— DATA EXTRACT —
*****

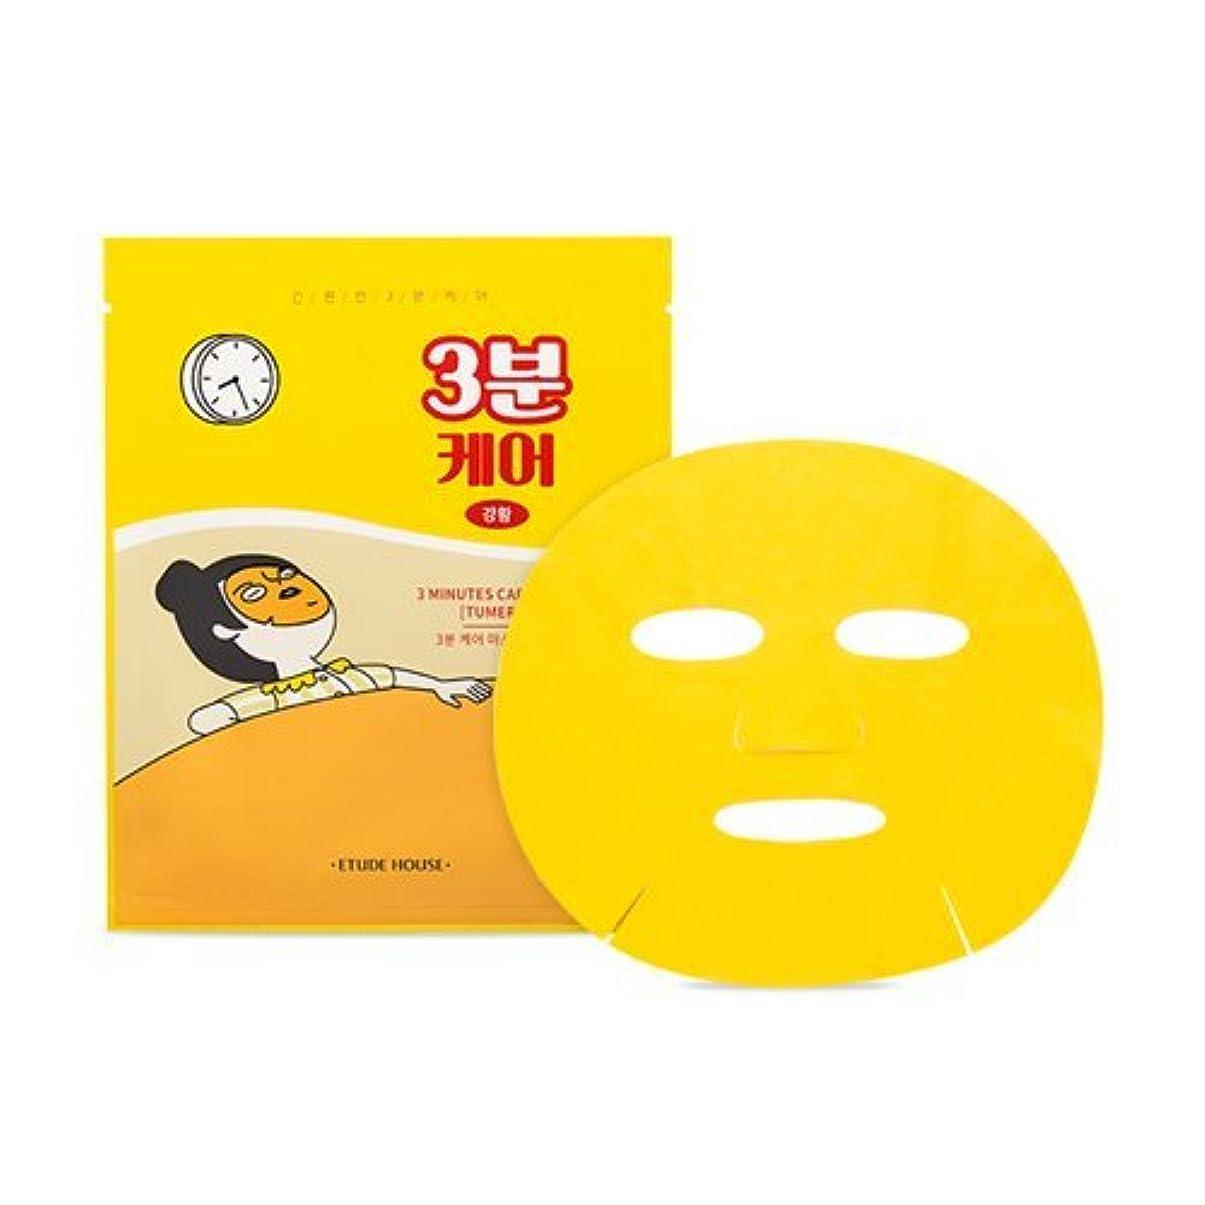 数学的な偶然素晴らしいエチュードハウス 3分ケア マスク[ ウコン ] 5枚/ETUDE HOUSE 3 Minutes Care Mask [TUMERIC] 23g*5EA
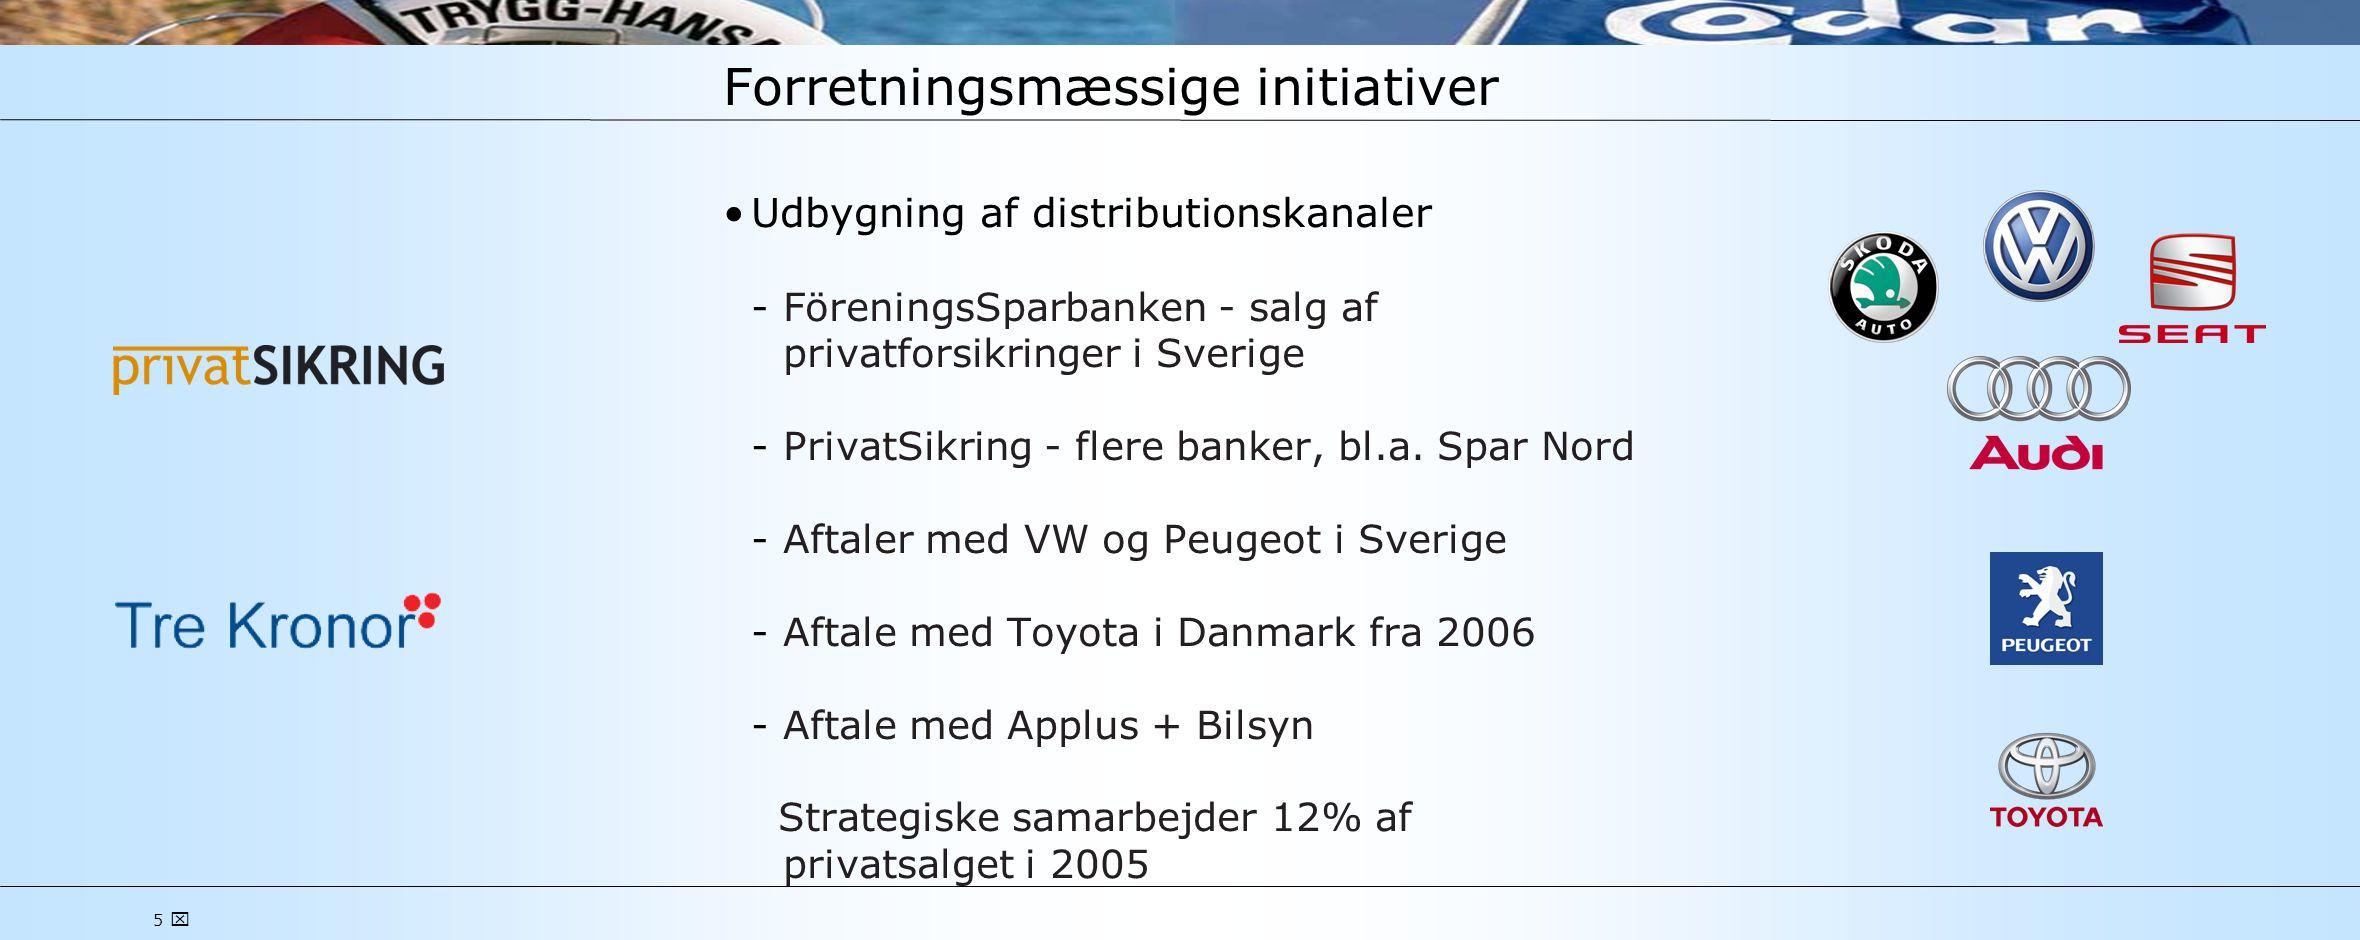 5  Forretningsmæssige initiativer •Udbygning af distributionskanaler FöreningsSparbanken - salg af privatforsikringer i Sverige PrivatSikring - flere banker, bl.a.
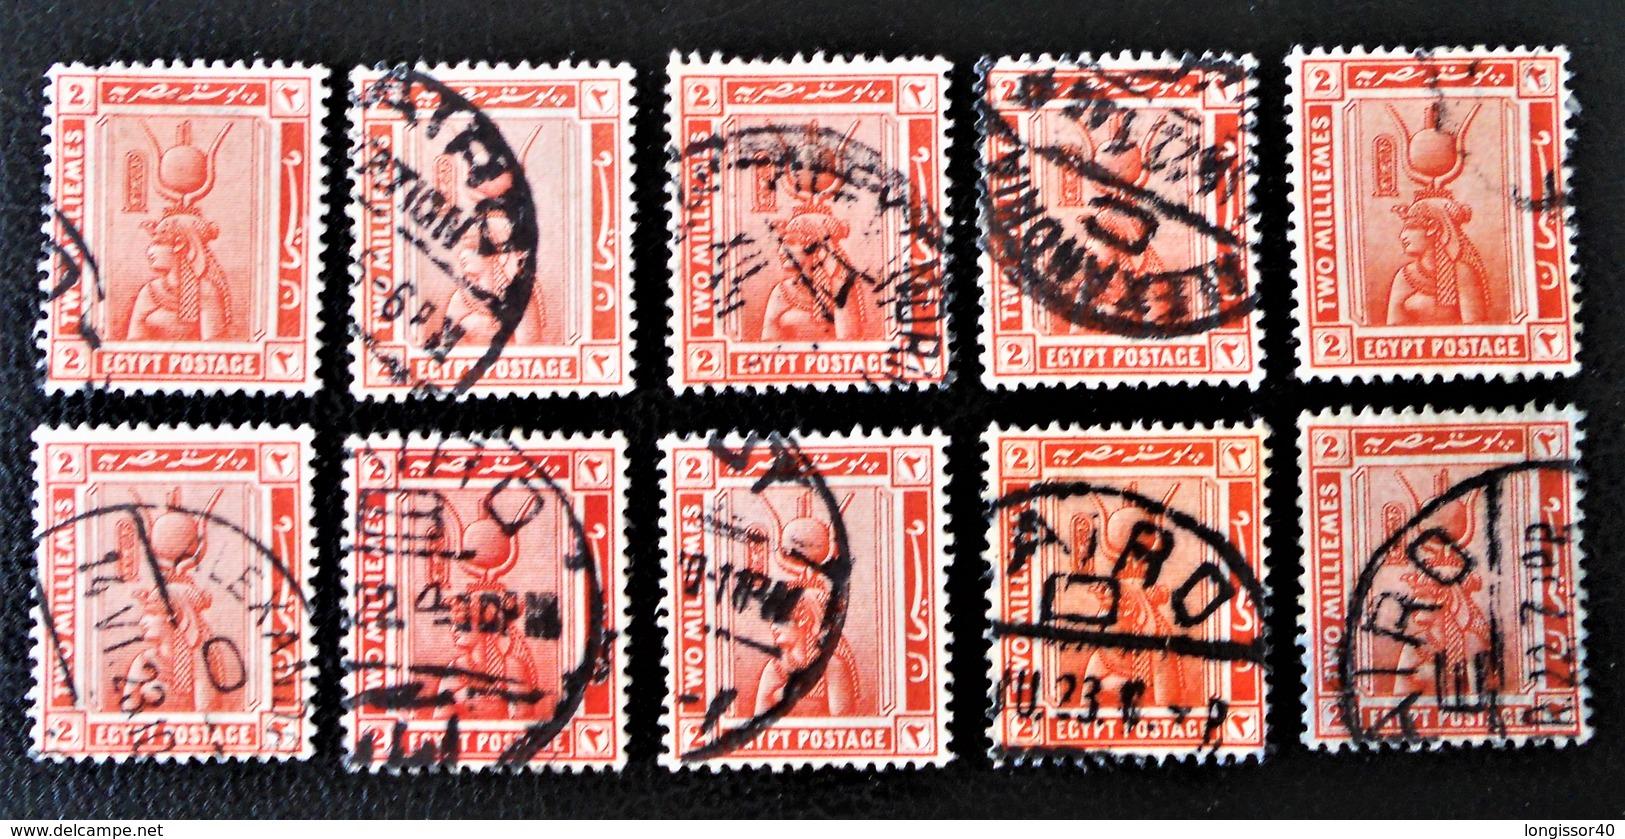 PROTECTORAT BRITANNIQUE - CLEOPATRE AVEC COIFFE D'ISIS 1922 - OBLITERES - YT 57 - VARIETES DE TEINTES ET D'OBLITERATIONS - Égypte

*****

— AIM OF THE TASK —
Word for word, return the material above; the pictures stay out.

— ANSWER FOR THIS EXERCISE —
 数学的な偶然素晴らしいエチュードハウス 3分ケア マスク[ ウコン ] 5枚/ETUDE HOUSE 3 Minutes Care Mask [TUMERIC] 23g*5EA
 5  Forretningsmæssige initiativer •Udbygning af distributionskanaler FöreningsSparbanken - salg af privatforsikringer i Sverige PrivatSikring - flere banker, bl.a.
 PROTECTORAT BRITANNIQUE - CLEOPATRE AVEC COIFFE D'ISIS 1922 - OBLITERES - YT 57 - VARIETES DE TEINTES ET D'OBLITERATIONS - Égypte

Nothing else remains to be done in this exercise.